Ce qui frappe chez Spedding, c’est le rapport presque ascétique qu’il entretient avec la guitare. Là où d’autres saturent l’espace, il choisit la retenue. Sa musique n’est pas bavarde, elle suggère. Chaque note a du poids, chaque silence est habité. Il joue comme on respire, sans effort visible. Il appartient à cette génération d’instrumentistes anglais pour qui la technique n’était jamais un but, mais un moyen : un outil au service du style, de la couleur, de l’atmosphère. Là où un Jeff Beck exaltait la flamboyance, Spedding cultivait la discrétion. Là où Clapton cherchait la légende, lui cherchait la justesse. C’est une école de la nuance, une philosophie presque morale de la musique.
Sa guitare, souvent une Gibson Les Paul Custom ou une Gretsch, n’a jamais été un cri : c’est une voix. Et cette voix, on la reconnaît. Un grain sec, précis, mais chaud. Une articulation parfaite entre le blues et la pop, le jazz et la rue. Il y a du flegme et du feu, du contrôle et du lâcher-prise. On sent chez lui l’empreinte du jazz — cette façon de respirer entre les notes, d’écouter les autres avant de se lancer. Et puis, surtout, il y a ce ton très anglais, cette ironie sans cynisme. Spedding ne s’impose jamais : il s’invite. Il joue comme un acteur de second rôle, mais qui donne soudain au film toute sa crédibilité.

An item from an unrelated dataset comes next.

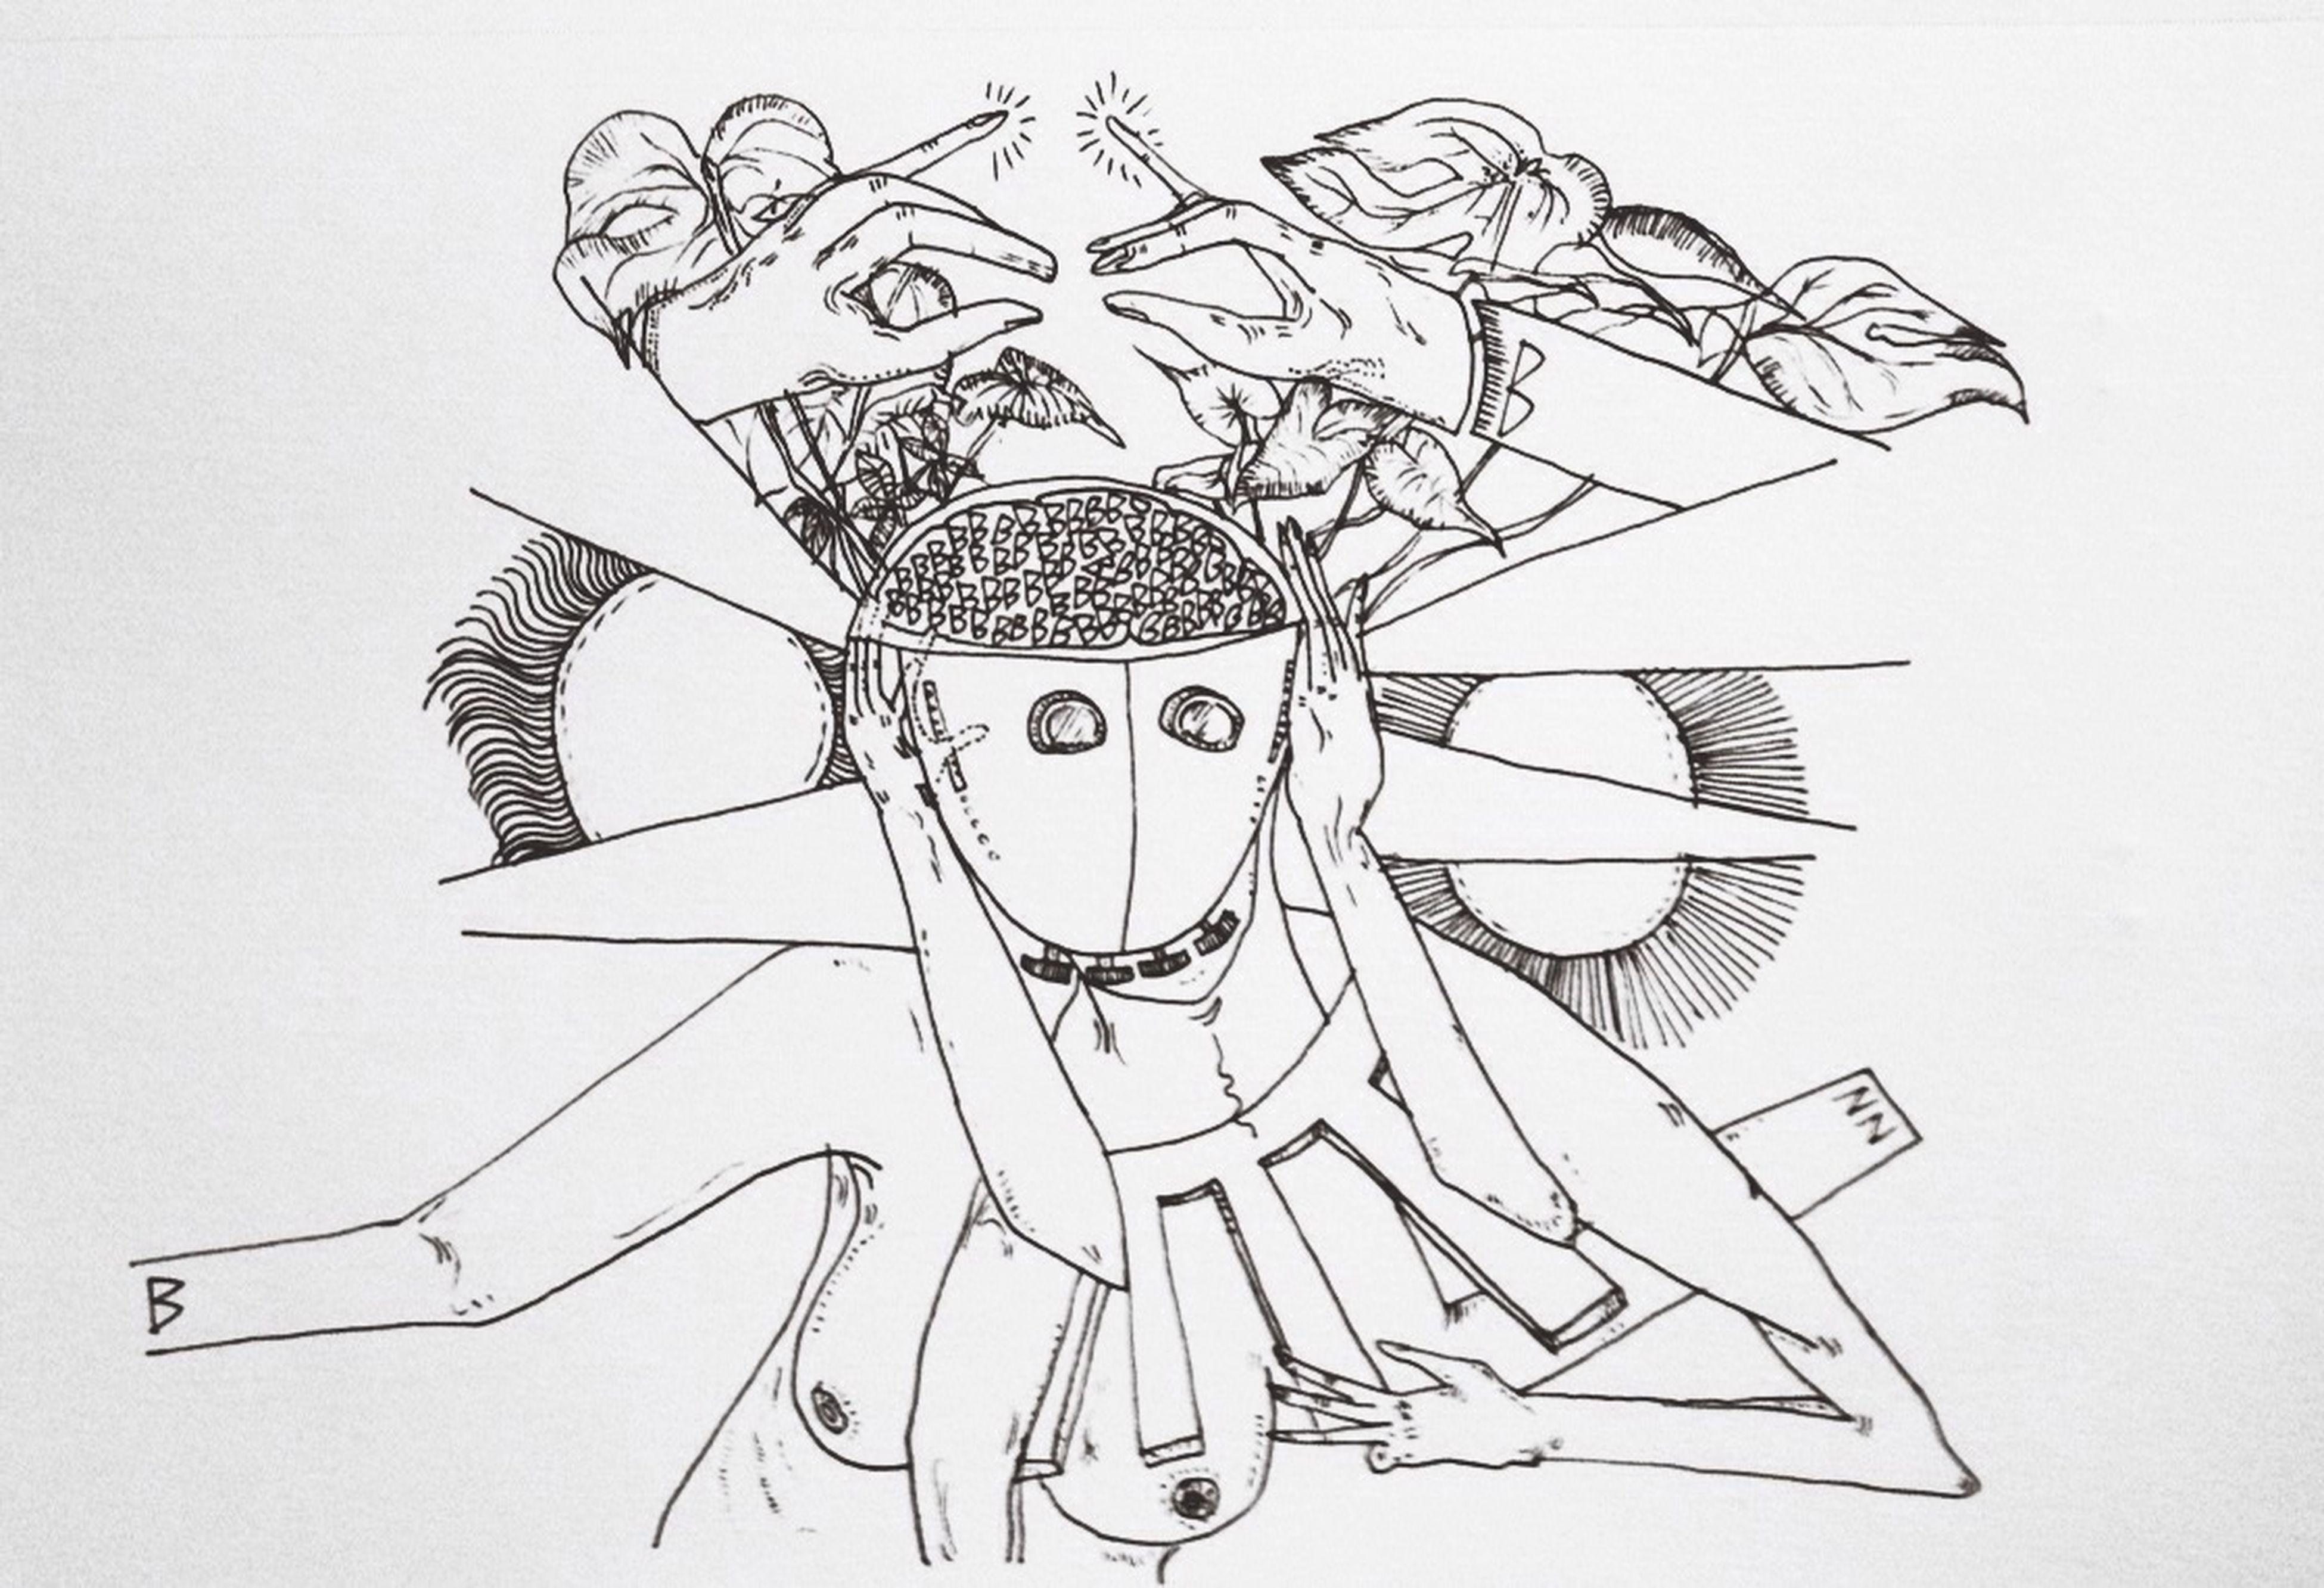 art and craft, art, creativity, studio shot, white background, still life, close-up, indoors, paper, ideas, text, communication, western script, craft, no people, decoration, animal representation, design, pattern, metal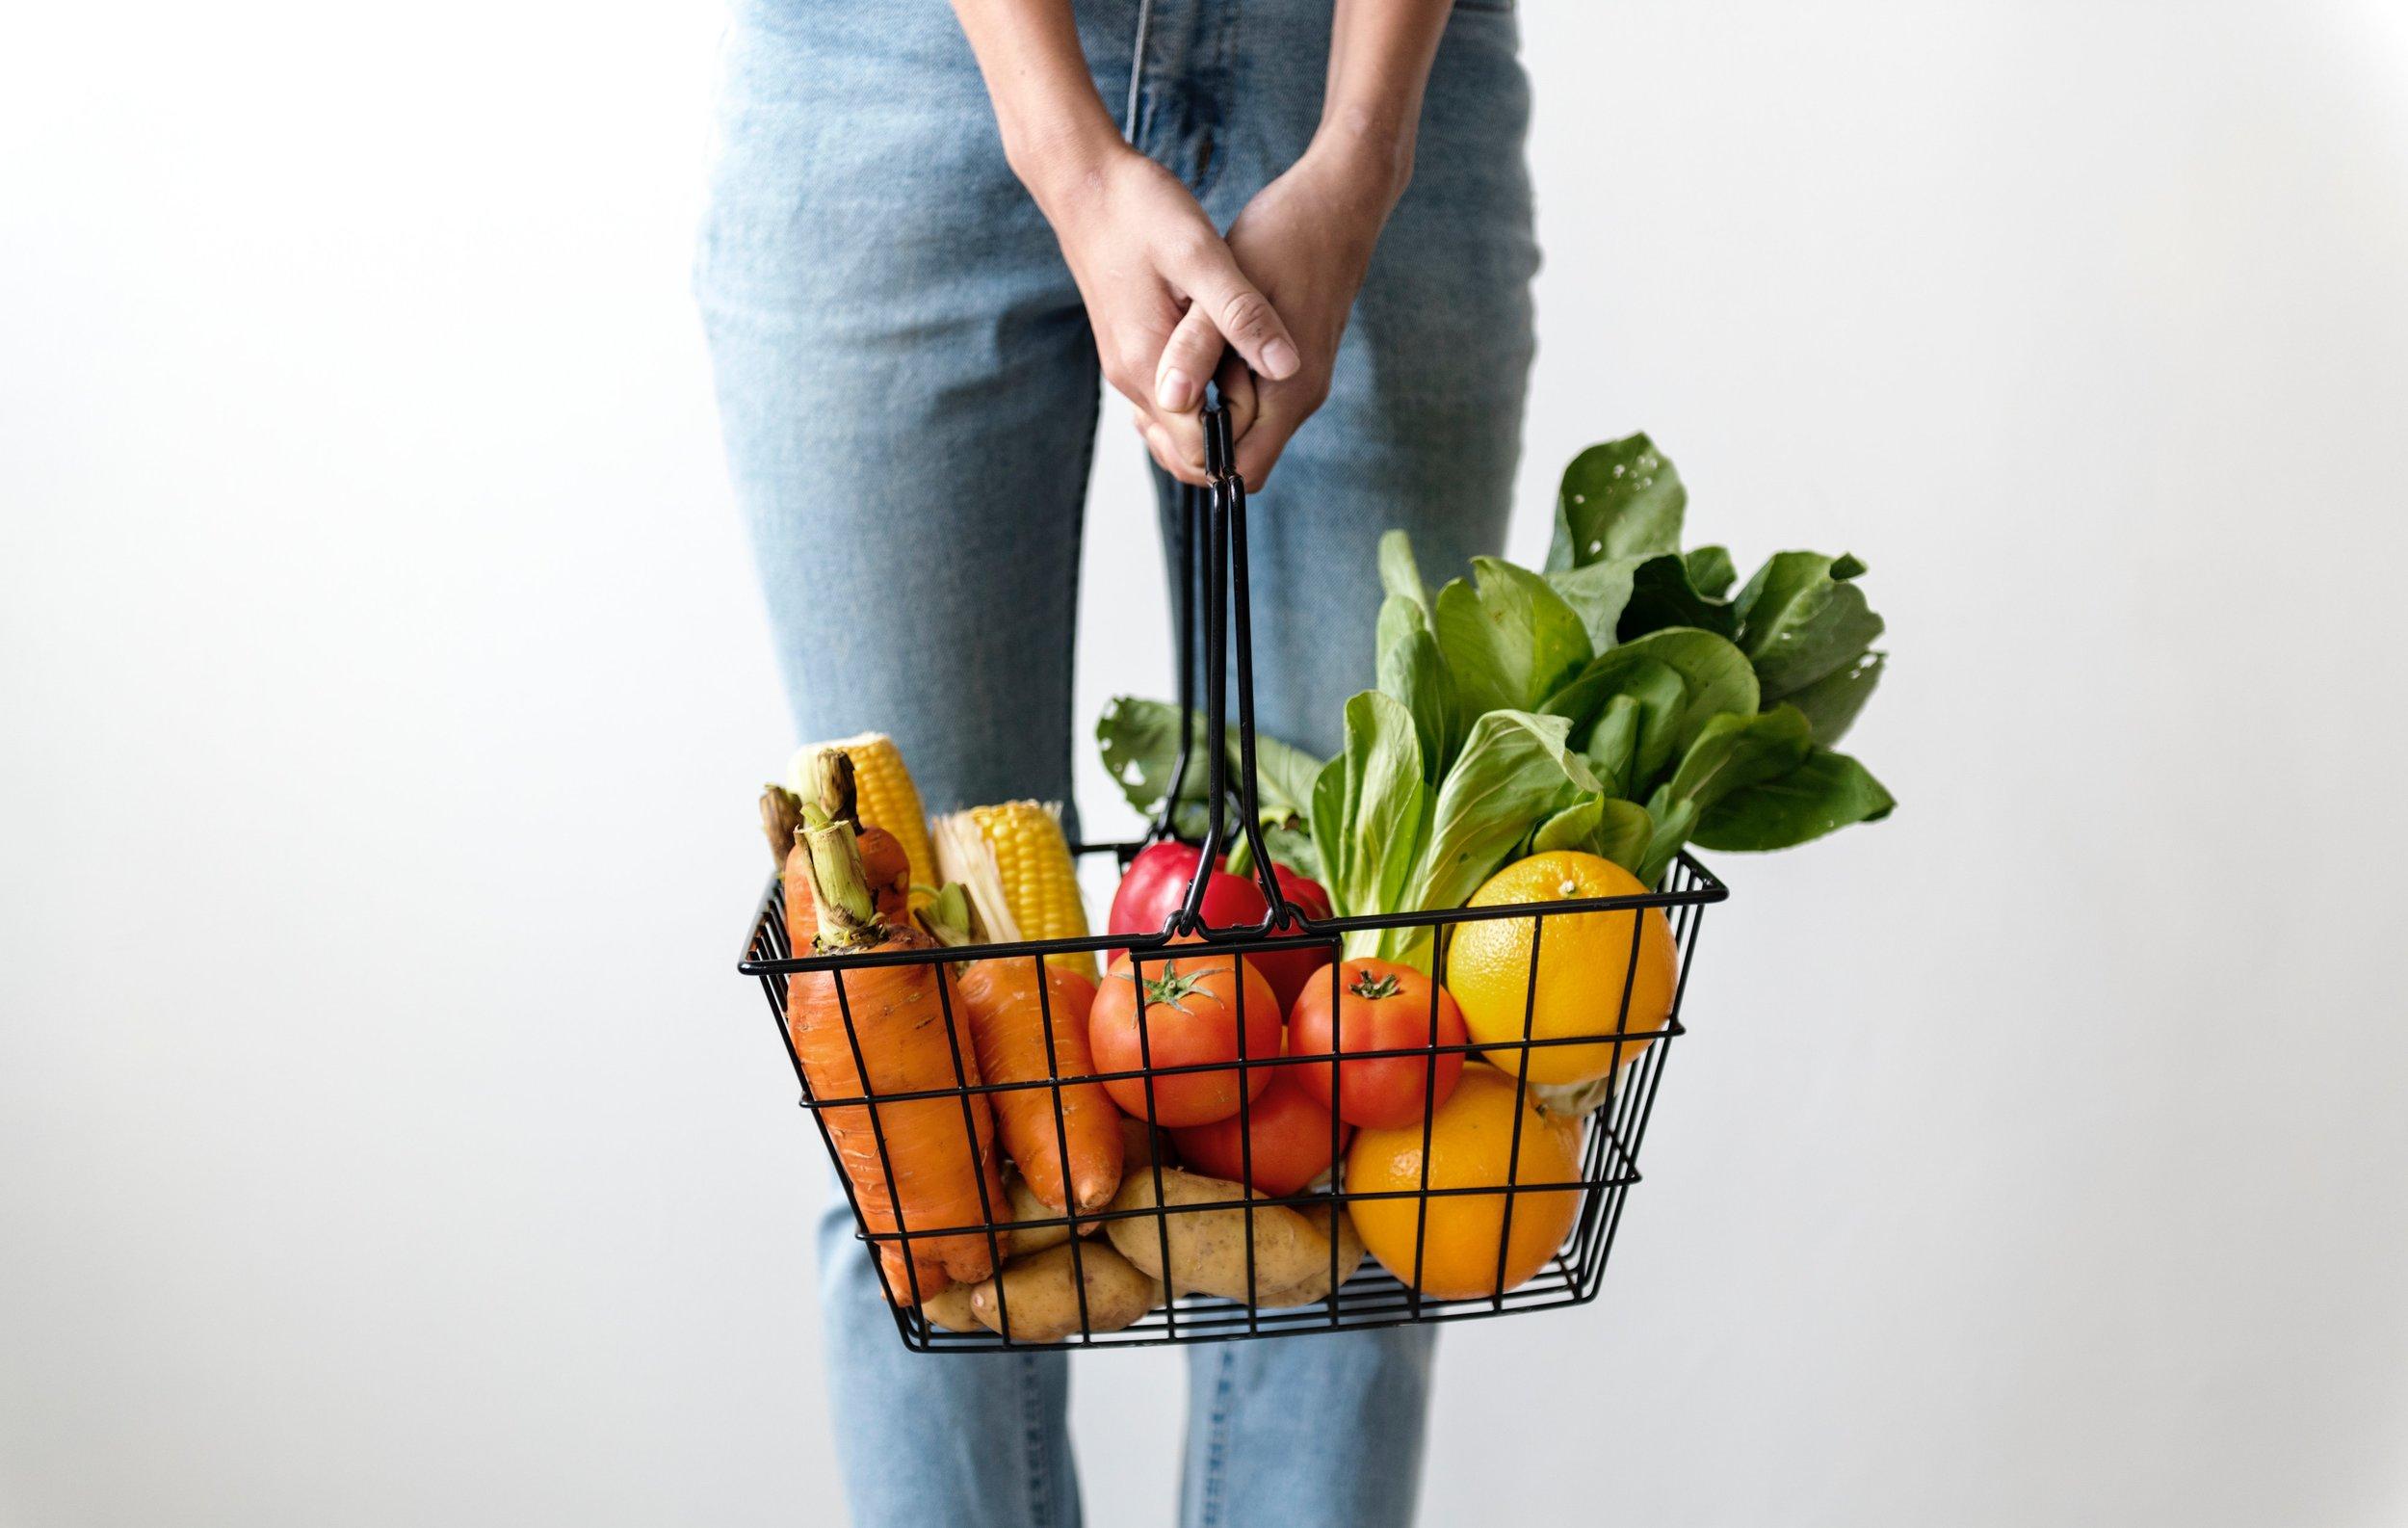 alone-basket-carrots-1389103.jpg

C’est sans doute pour cela qu’il a traversé les décennies sans jamais se faner. Parce qu’il ne s’est jamais voulu moderne, il ne l’est jamais devenu — donc jamais dépassé. On pourrait le comparer à un peintre de l’école anglaise, un Whistler du rock : attentif aux nuances de gris, à la lumière d’un ciel, aux reflets d’une corde. Sa musique n’a rien de spectaculaire, mais elle dure. Et c’est cette durée, cette fidélité au son juste, qui fait de Chris Spedding une figure essentielle, quoique toujours marginale, de l’histoire du rock britannique.

Aujourd’hui encore, quand je réécoute "Café Days", je repense à ce moment un peu gêné dans la boutique de Bourges. Ce sentiment d’être trop jeune, pas assez sûr de moi, entouré d’hommes silencieux qui semblaient tout savoir. Et puis cette découverte, presque fortuite, d’un disque à l’image de celui qui l’avait fait : discret, digne, sans tapage.
Avec le recul, je crois que Spedding a toujours incarné cette idée rare qu’il existe un art du retrait, une beauté du peu. Qu’on peut être grand en restant à sa place. Il a été de ces musiciens qui font le lien entre les époques, les genres, les mondes — sans jamais hausser la voix.
Il y a des artistes qui brûlent, et d’autres qui durent. Chris Spedding, lui, a choisi la durée. Son œuvre n’est pas un feu d’artifice, mais une flamme stable, constante, qui éclaire doucement tout ce qu’elle touche. Et peut-être qu’au fond, c’est cette lumière-là qu’on recherche encore, dans les disques qu’on achète sans savoir pourquoi.